Speed of thermal adaptation of terrestrial vegetation alters Earth’s long-term climate

Author:

Rogger Julian12ORCID,Mills Benjamin J. W.3ORCID,Gerya Taras V.1ORCID,Pellissier Loïc24ORCID

Affiliation:

1. Swiss Federal Institute of Technology Zurich, Department of Earth Sciences, Zurich, Switzerland.

2. Swiss Federal Institute of Technology Zurich, Department of Environmental Systems Science, Zurich, Switzerland.

3. University of Leeds, School of Earth and Environment, Leeds, UK.

4. Swiss Federal Institute for Forest, Snow and Landscape Research, Birmensdorf, Switzerland.

Abstract

Earth’s long-term climate is driven by the cycling of carbon between geologic reservoirs and the atmosphere-ocean system. Our understanding of carbon-climate regulation remains incomplete, with large discrepancies remaining between biogeochemical model predictions and the geologic record. Here, we evaluate the importance of the continuous biological climate adaptation of vegetation as a regulation mechanism in the geologic carbon cycle since the establishment of forest ecosystems.

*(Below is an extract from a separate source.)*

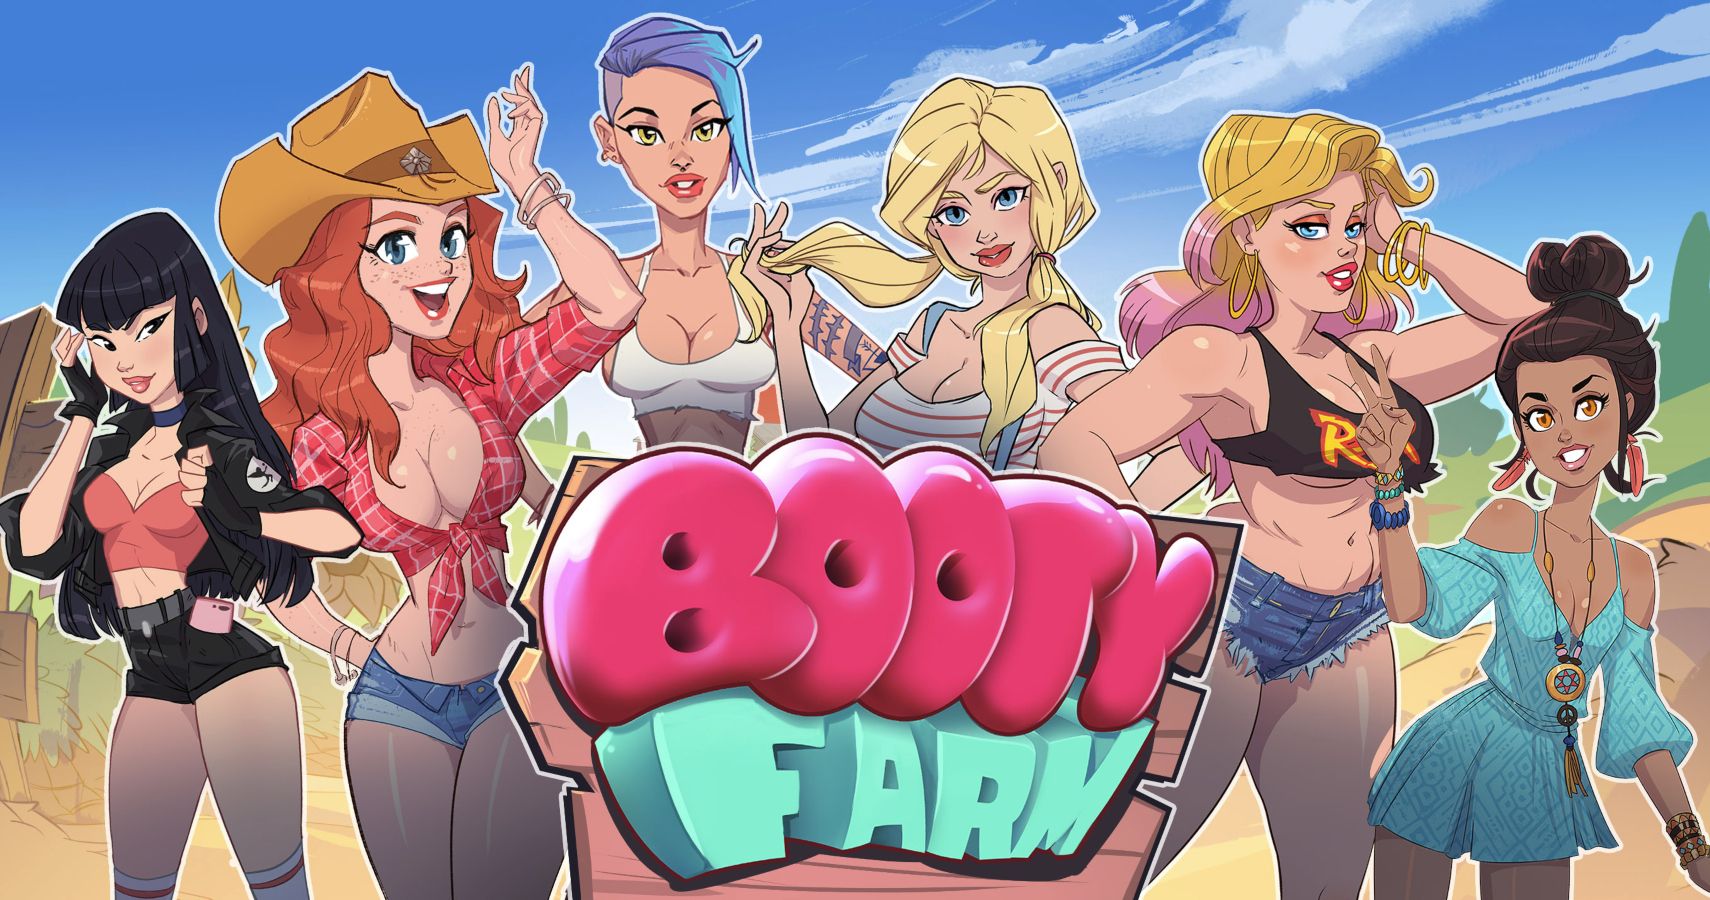 Booty farm animated

Using a model, we show that the vegetation’s speed of adaptation to temperature changes through eco-evolutionary processes can strongly influence global rates of organic carbon burial and silicate weathering. Considering a limited thermal adaptation capacity of the vegetation results in a closer balance of reconstructed carbon fluxes into and out of the atmosphere-ocean system, which is a prerequisite to maintain habitable conditions on Earth’s surface on a multimillion-year timescale. We conclude that the long-term carbon-climate system is more sensitive to biological dynamics than previously expected, which may help to explain large shifts in Phanerozoic climate.